What tends to be the first indication of breaches? It's one thing to do a forensic analysis after learning of a breach, and it's another to detect it in the first place.

I worked at a company that logged every single SQL query and made a rule set based on that. May not of been the most efficient but it worked great. There was basically a whitelist of sorts and if the query structure wasn’t in there then action taken. Also worked by knowing what queries came in what order when doing certain things.

This sounds a lot like an IDS for SQL. I've worked with government agencies that focus very heavily on IDS in firewall systems.

SO not only do they catch attacks early, in the perimiter network, but they also often block legitimate traffic and handle such cases regularly.

But it's a default deny policy so that comes with. It also costs a ton of money for the best IDS solutions. I believe it comes from companies like Checkpoint, Cisco and Symantec.

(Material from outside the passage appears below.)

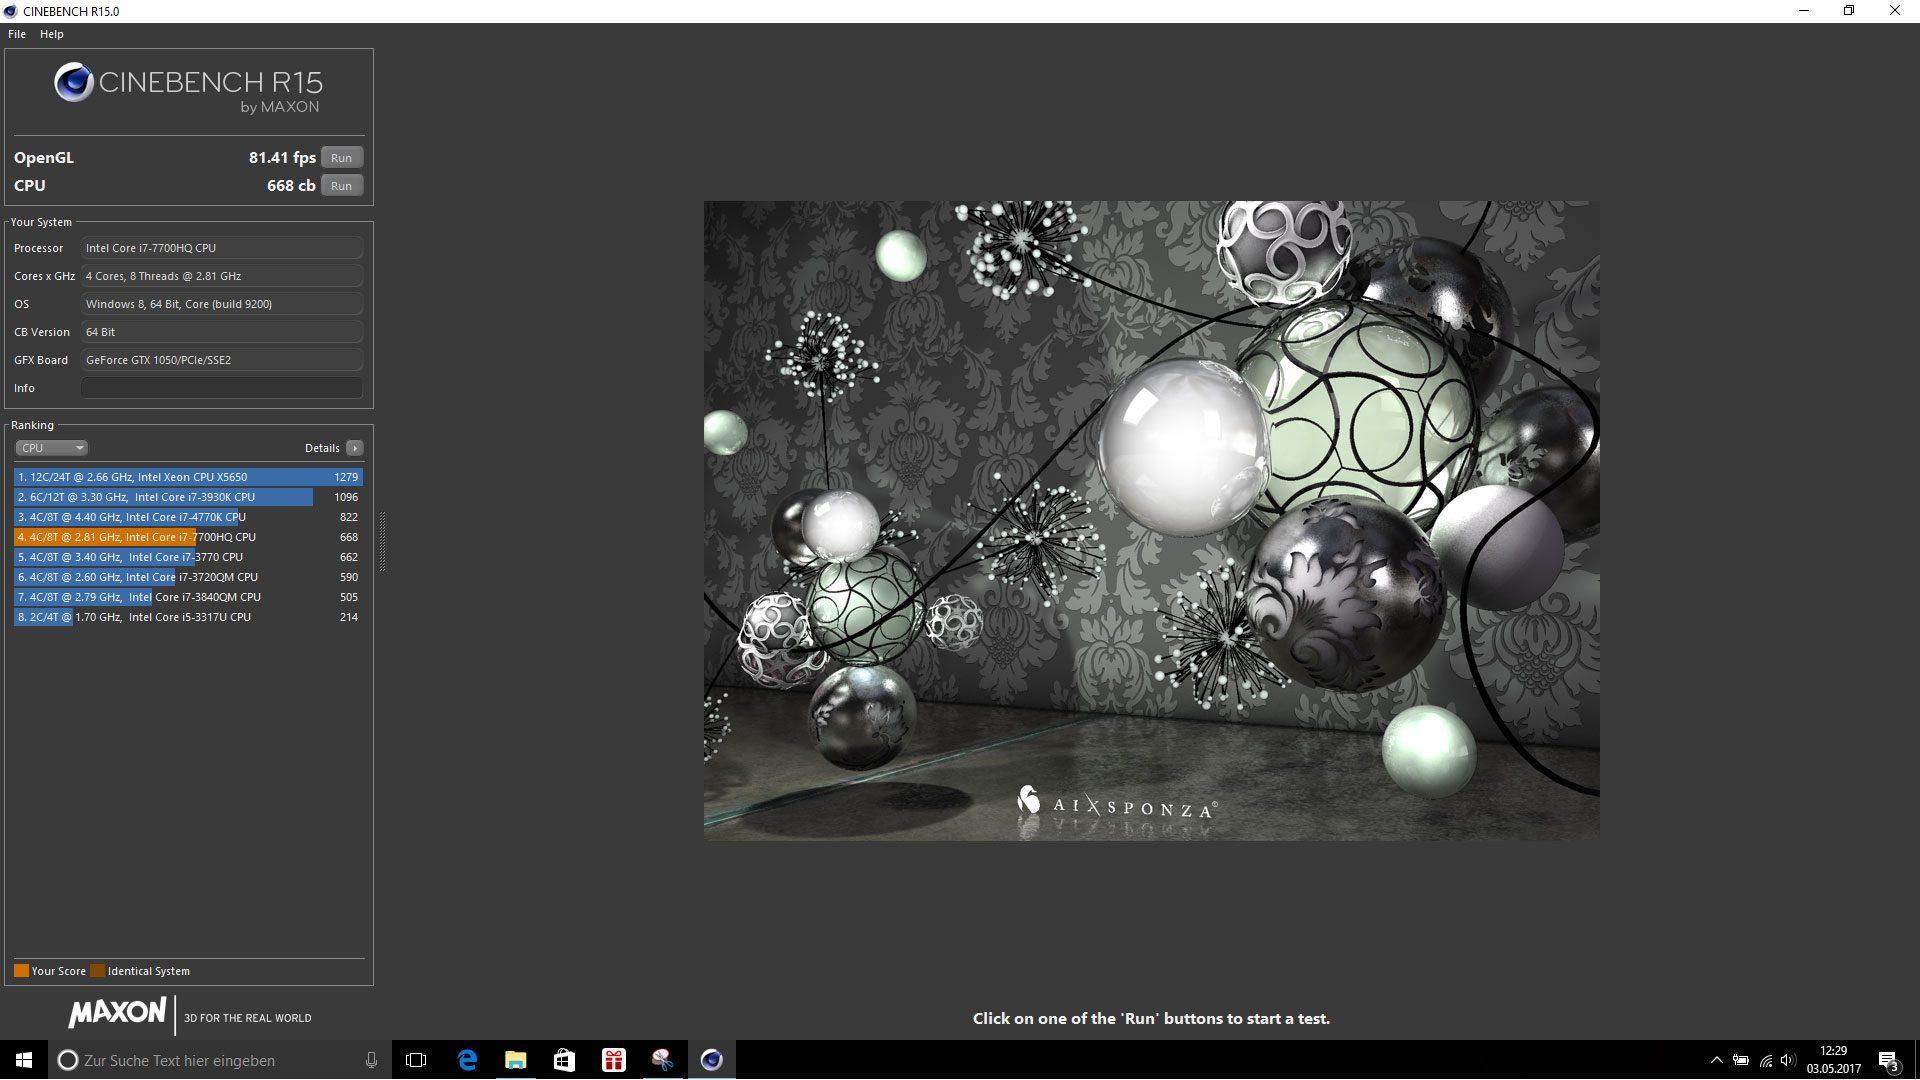 Asus Strix GL753VD-GC044T Benchmark_8

What tooling did you use to audit queries?

Not parent but it reads like they wrote their own (presumably driven by DB server log data with query logging enabled).

Mostly, Troy Hunt e-mailing clueless companies saying "Hey, this data breach I got sent seems to check out as real, at least a few of the users in it have validated that's currently or recently been their $company website credential to me."

(Only mostly joking...)

I’ve done a few small IR jobs in my time, and also have a hobby of reading every breach report that comes out.

It seems the vast majority of breach discovery amongst typical companies is an engineer going “hrmm that’s odd”: a router at 100% CPU because it’s currently part of a DDoS attack. A DBA noticing a huge query they don’t recall running. Unusual login times for administrative accounts. Having email systems sinkholed for sending spam. And of course “all my files are encrypted?”

It depends on attack surface and what tooling you already have in place. But for example:

> Finding suspicious outbound network activity


Interesting that this message is being delivered by the VP of Engineering rather than a VP of Security or another more security focused counterpart with a sufficiently senior title. Wonder if SO has an in house security team with management and executive representation?

Reflecting on this, I wonder if a PaaS solution that is a "vault" of confidential information would be a good thing.

Similar to how Stripe handles payments with a token, we could all store tokens for User information (eg the Id) and query the vault (or operate on the vault, eg, validate login, or return email, etc) using keys.

The service could be hardened (like Stripe) to ensure the data is stored securely, and detect ex-filtration attempts (eg, queries for multiple customers at once being abnormal) and automatically block that.

You've just invented from first principles Single Sign On, OAuth, SAML, and Identity Providers.

You can rent it from AWS, of course. It's called Cognito.


You can also offload that responsibility for user data/credentials to Google/Facebook et al as you see many places with "Login with Facebook", making your users pay in privacy-invasion instead of bearing the burden of properly securing your user's PII yourself...

Mozilla Persona was deaigned so "the identity provider does not know which website the user is identifying on." But it did nto catch on.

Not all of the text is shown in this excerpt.